- Developer: Abel
- Publishers: JP: Imadio; US: Hirameki International;
- Designer: Hiroyuki Kanno
- Composers: Ryuichi Sato Mio Kumamoto
- Platforms: PlayStation, Dreamcast, Windows, DVD player
- Release: JP: 26 November 1998; US: 28 November 2005 (p. 1) 15 September 2006 (p. 2) 10 December 2006 (p. 3);

= Exodus Guilty =

1998 video game

Exodus Guilty is a 1998 visual novel video game designed by Hiroyuki Kanno. It was released first as a CD game for consoles in Japan, later ported to Windows, and then converted into a DVD game in three parts.
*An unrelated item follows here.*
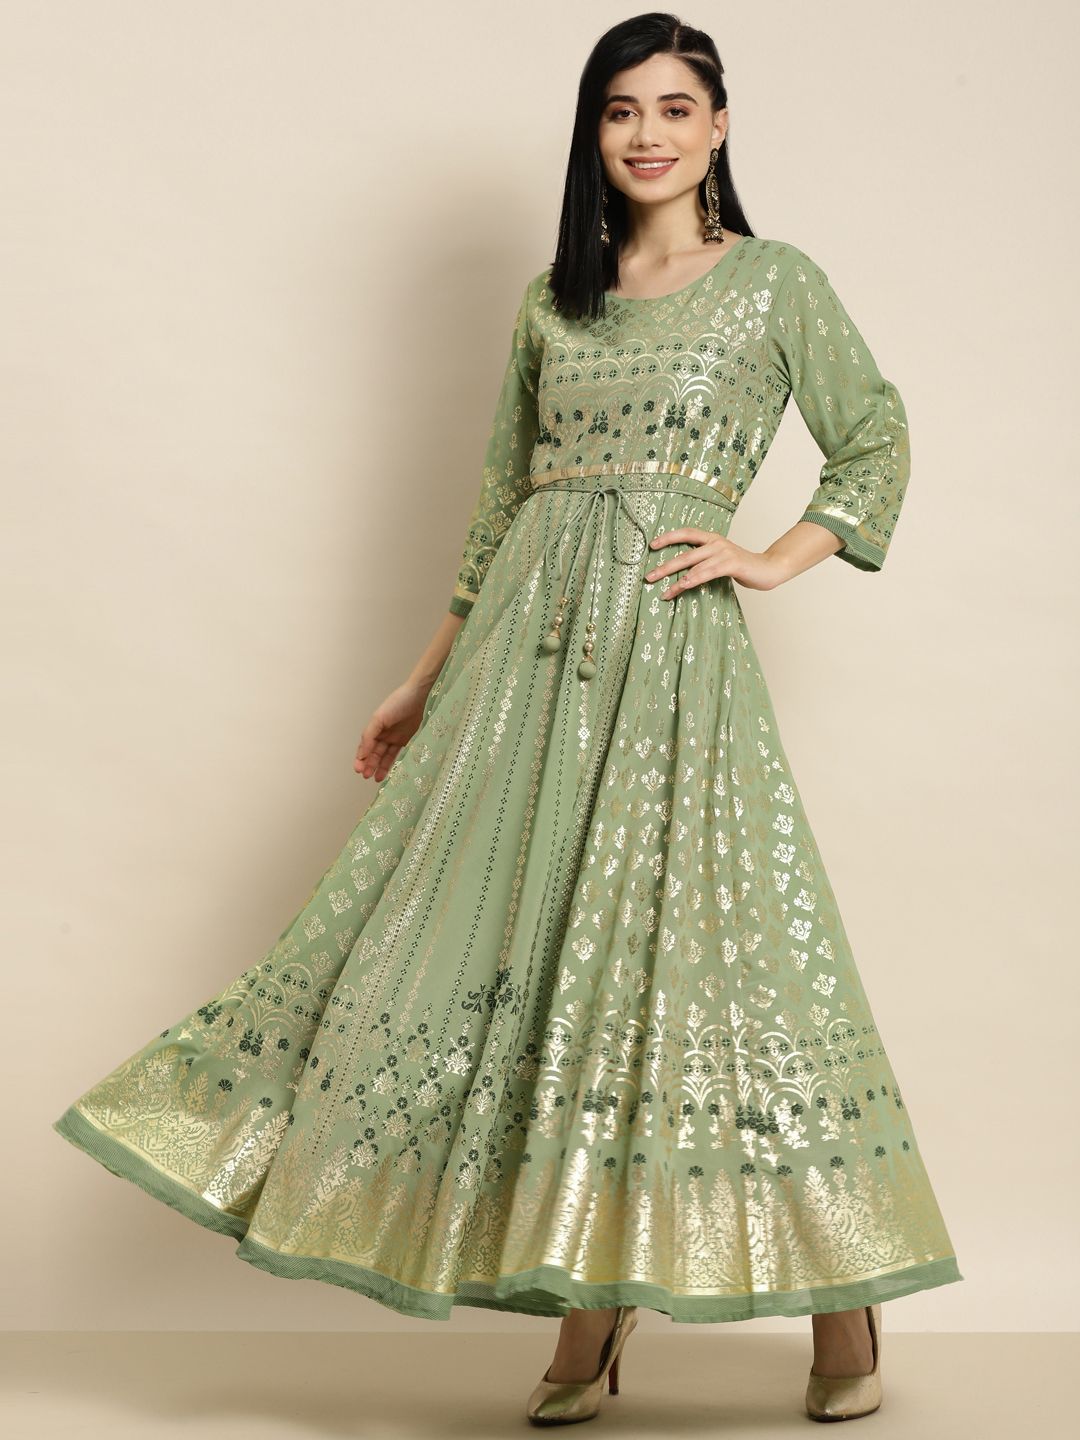 Juniper Sage Green Foil Printed Flared Ethnic Dress Price in India
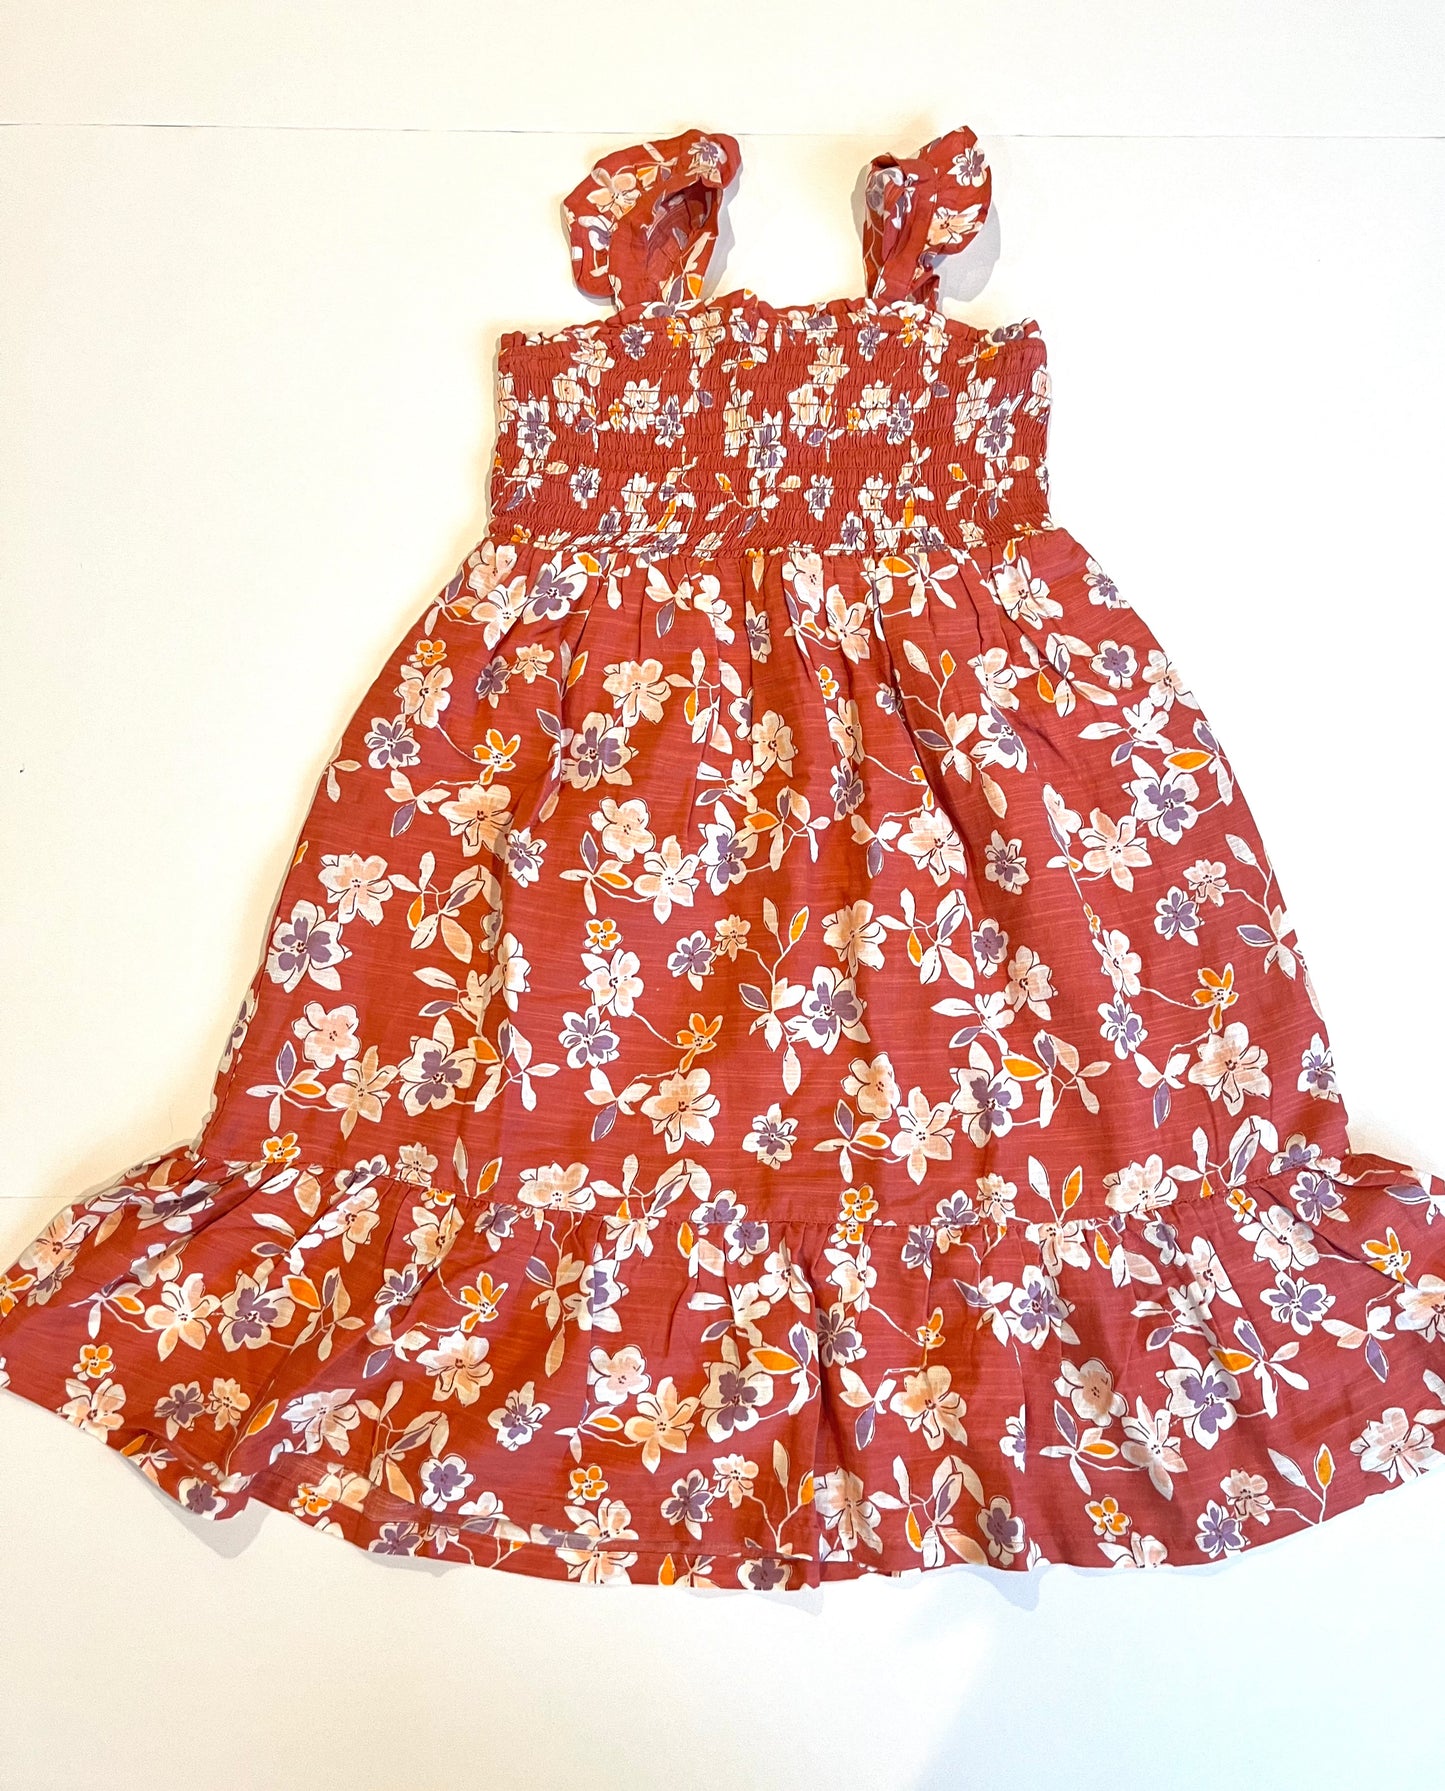 Girls s 6-7 Gap floral dress

The DVD version was released in English by Hirameki International in portions from 2005 to 2006. The story tracks three different eras – the present, past and future – each with its own protagonist.

==Reception==
Dorimagas three reviewers scored the Dreamcast version 6/10, 7/10 and 6/10. Famitsu DCs three reviewers gave it 7/10, 8/10 and 7/10.

RPGFan scored parts 1, 2 and 3 of the DVD release 83/100, 82/100 and 85/100 respectively. The same reviewer reviewed the soundtrack, but despite having liked it during the game he found it boring as a standalone listen. Anime News Network gave the first part of the DVD trilogy an F.